Reproduce the lines of the material exactly, excluding every image.

Available data:
============================================================
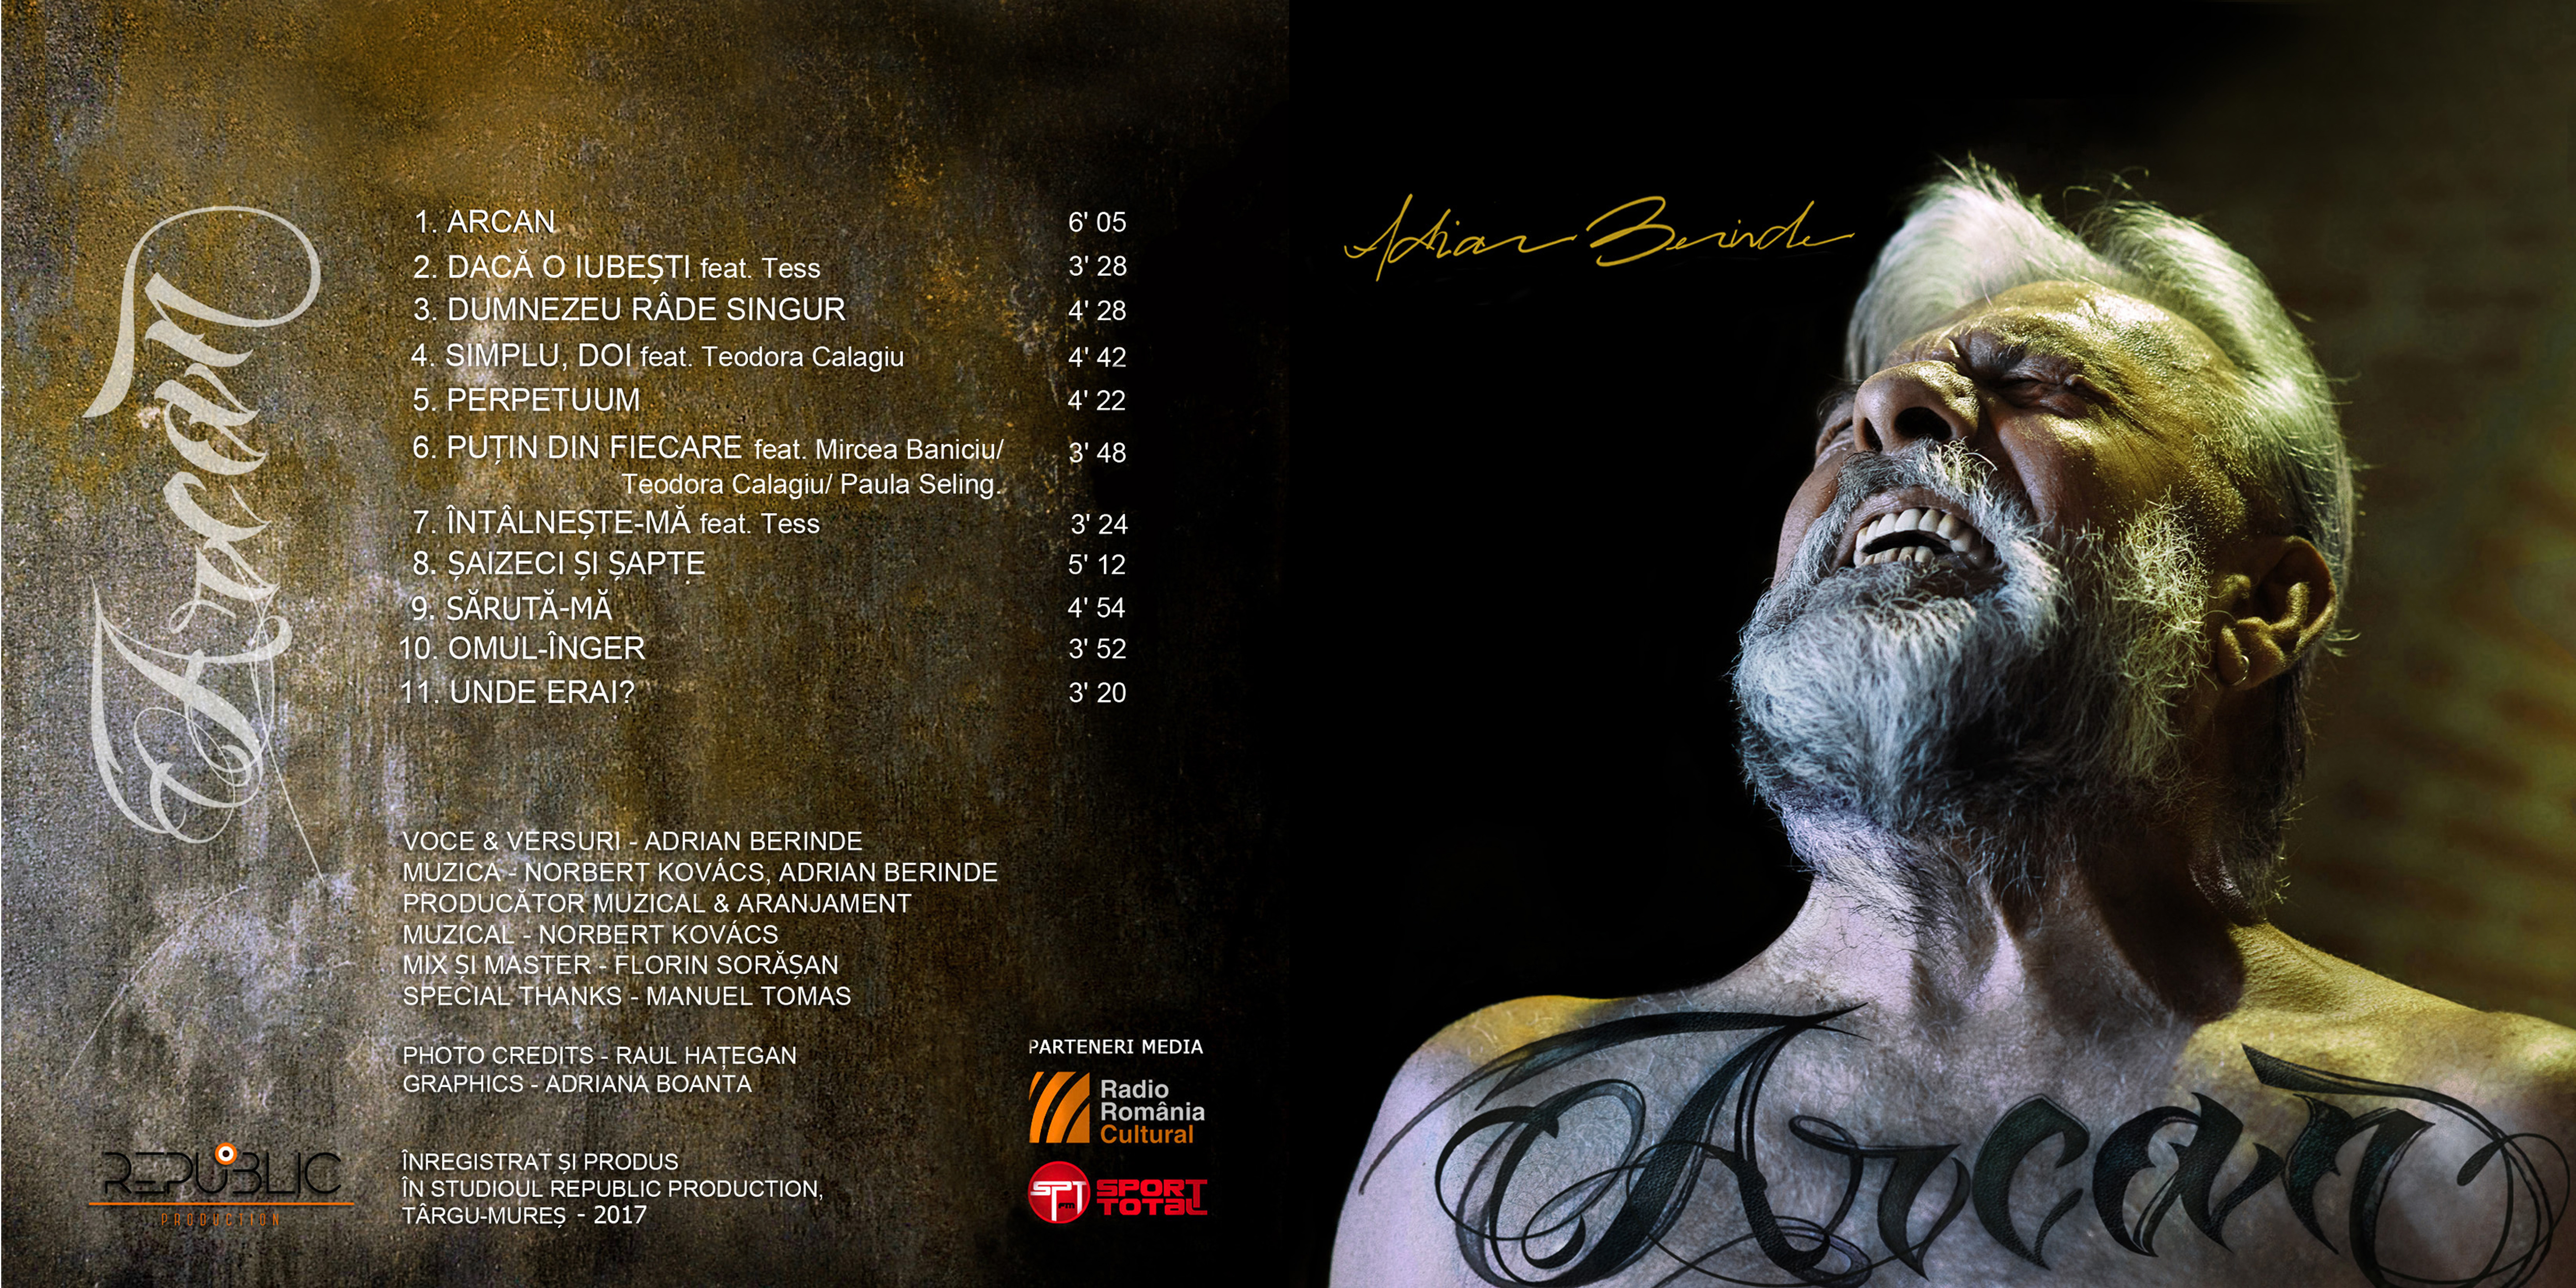 Coperta album Arcan, Adrian Berinde
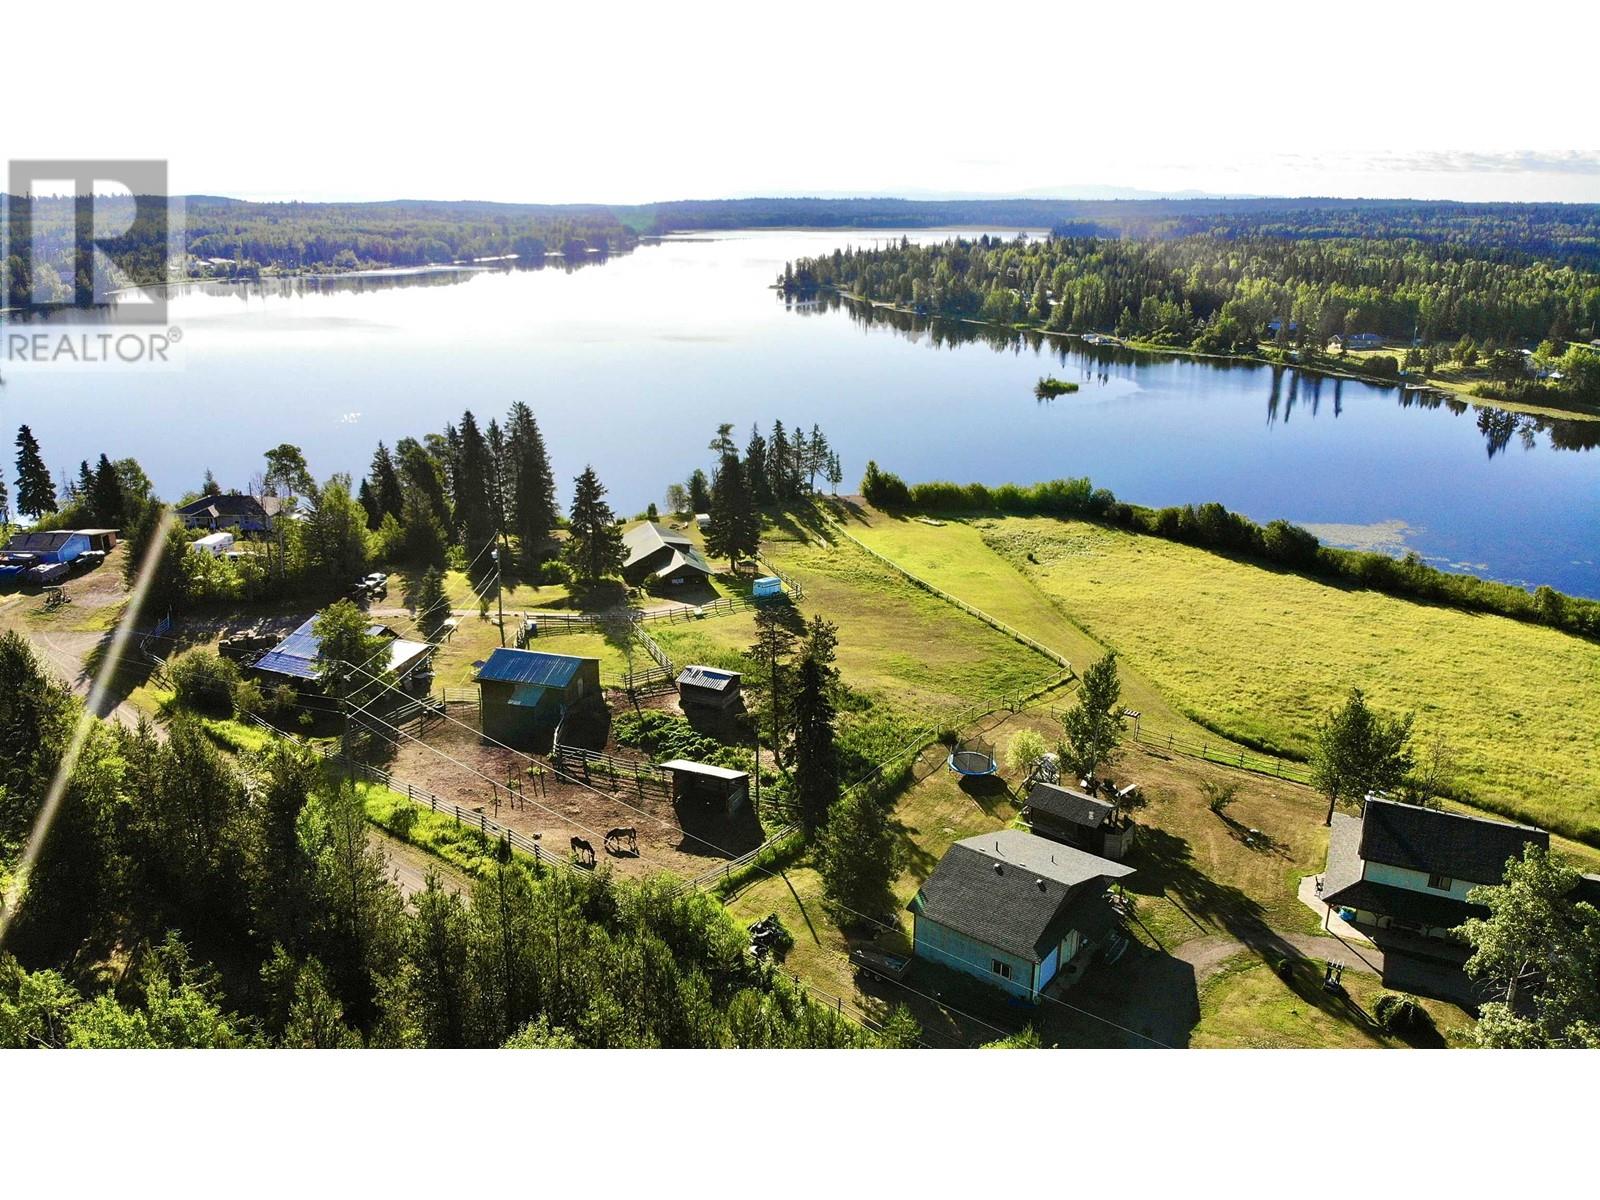 Karen Land Hipcamp In Williams Lake, British Columbia, 54% OFF
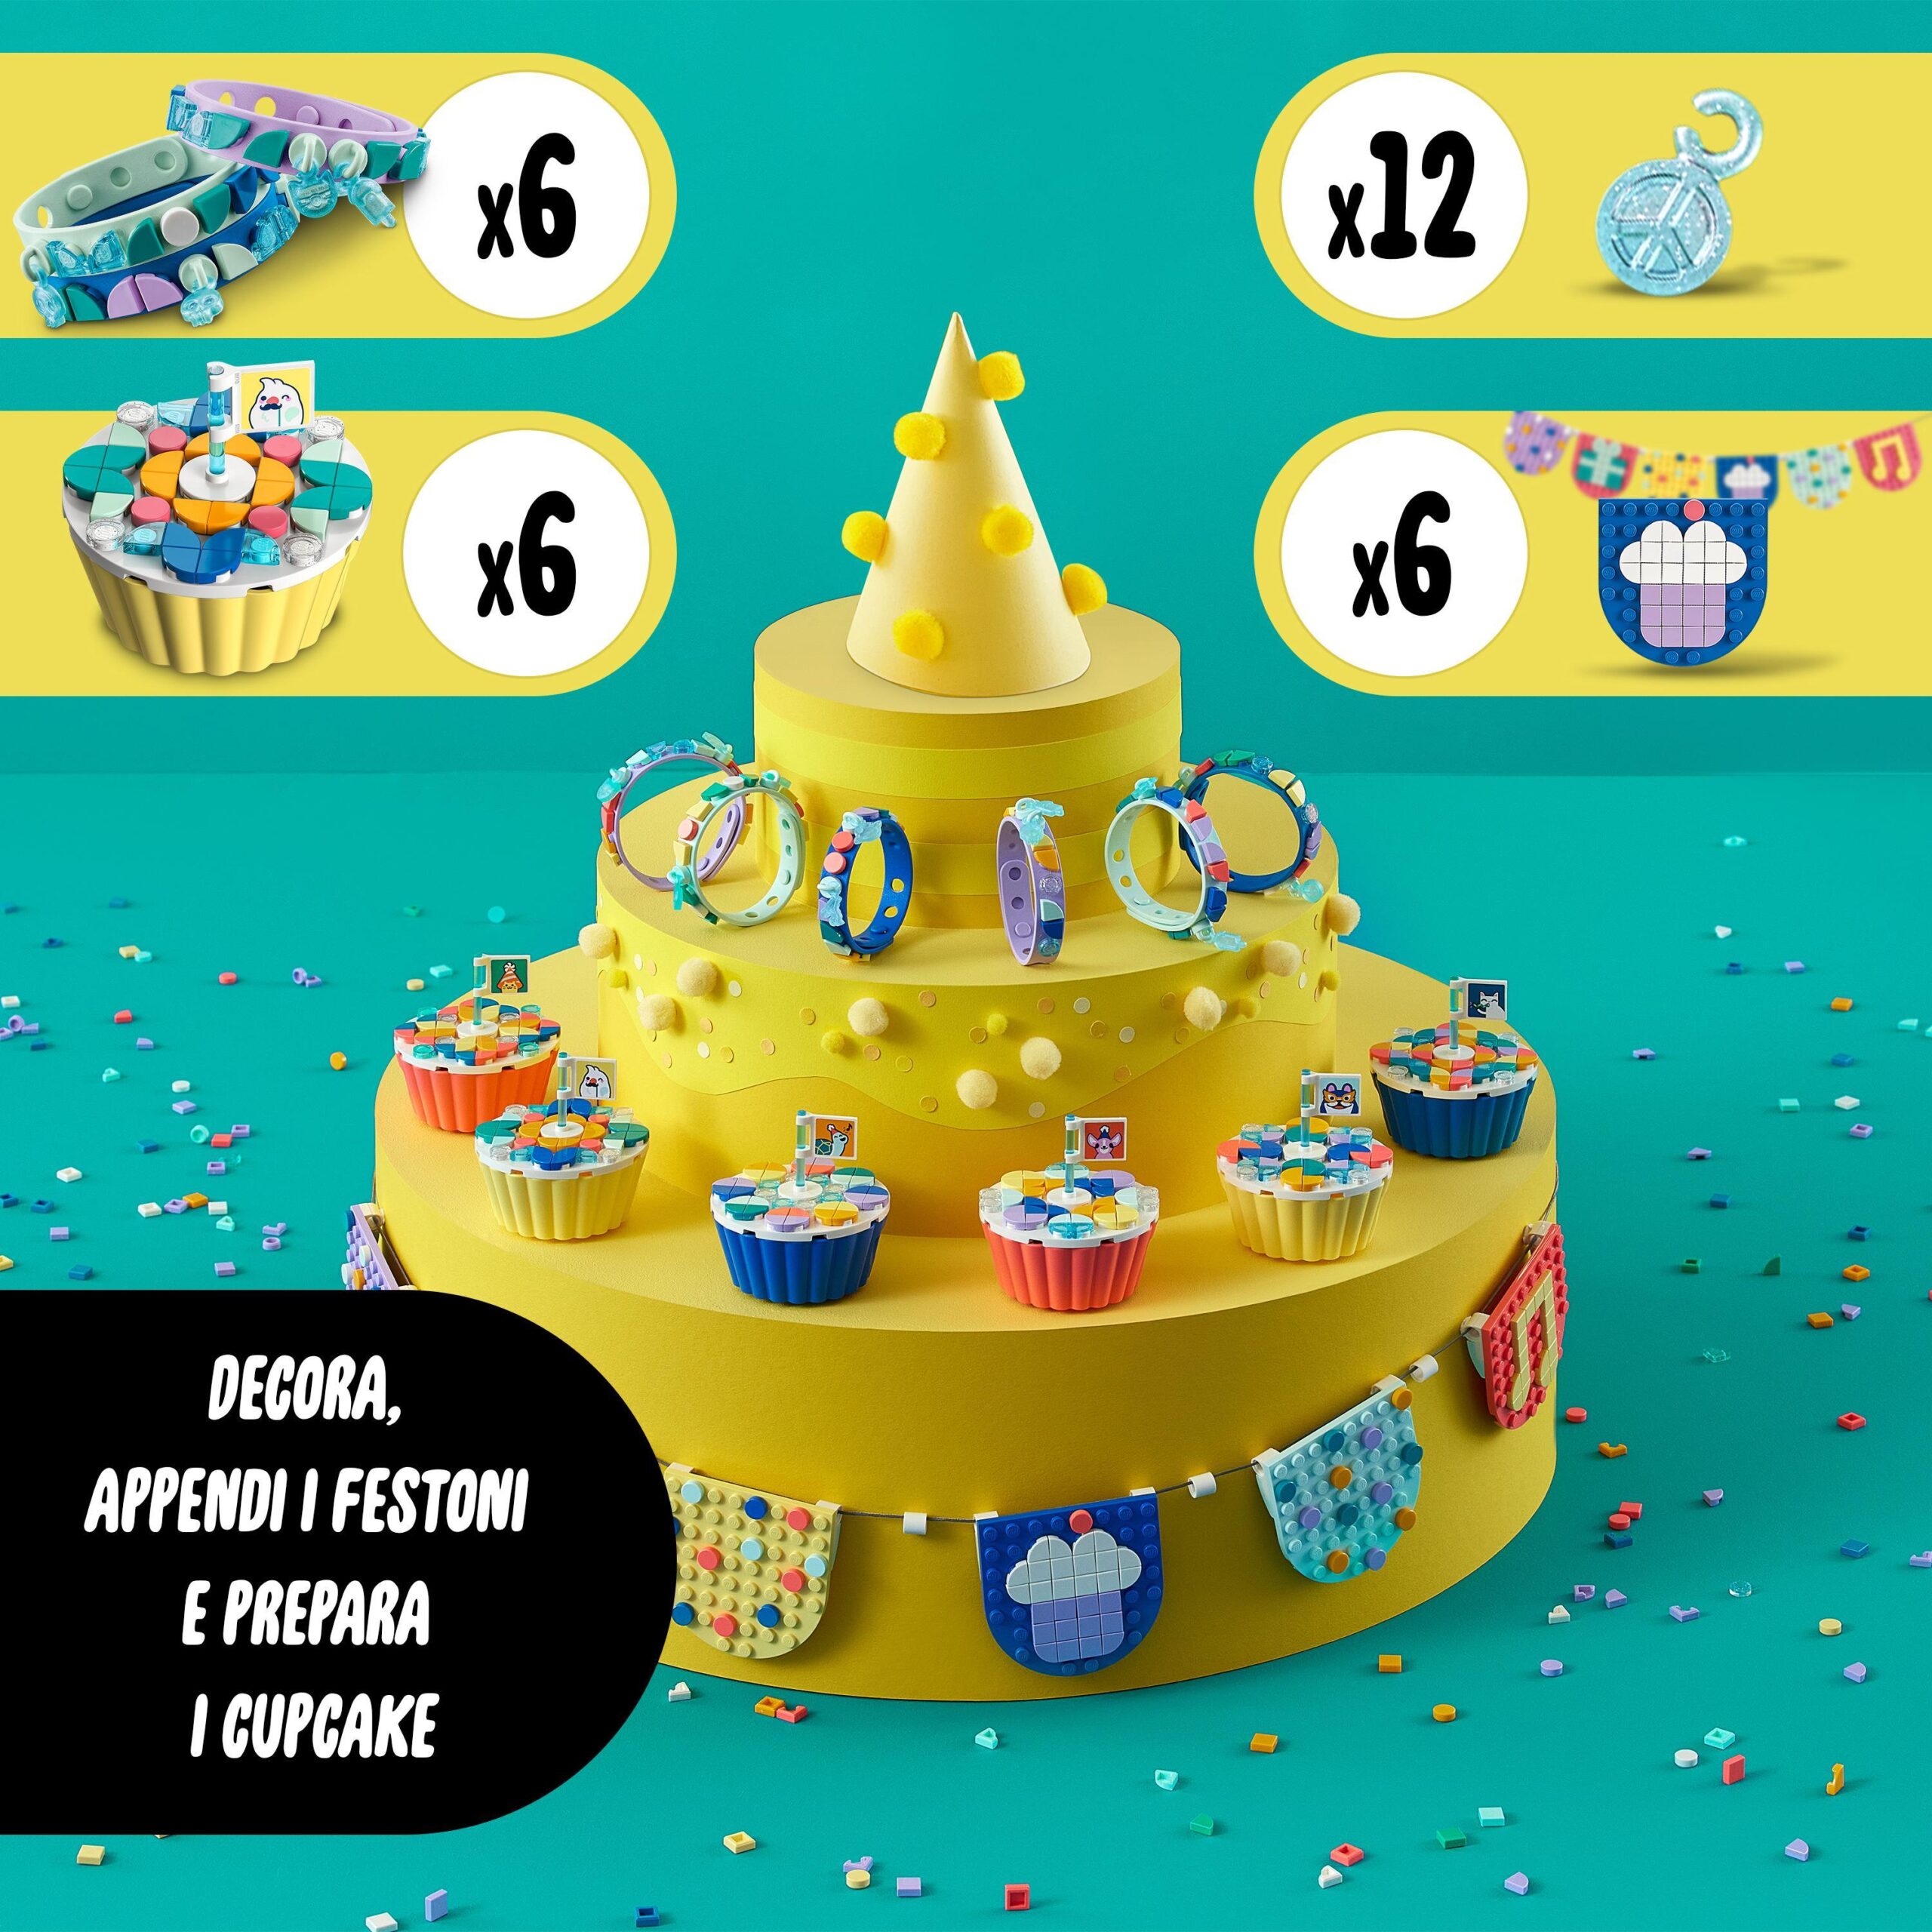 Lego dots 41806 grande kit per le feste, giochi festa compleanno bambini fai da te con cupcake, braccialetti e festoni - DOTS
============================================================
Result below:
 Coperta album Arcan, Adrian Berinde
 Karen Land Hipcamp In Williams Lake, British Columbia, 54% OFF
 Lego dots 41806 grande kit per le feste, giochi festa compleanno bambini fai da te con cupcake, braccialetti e festoni - DOTS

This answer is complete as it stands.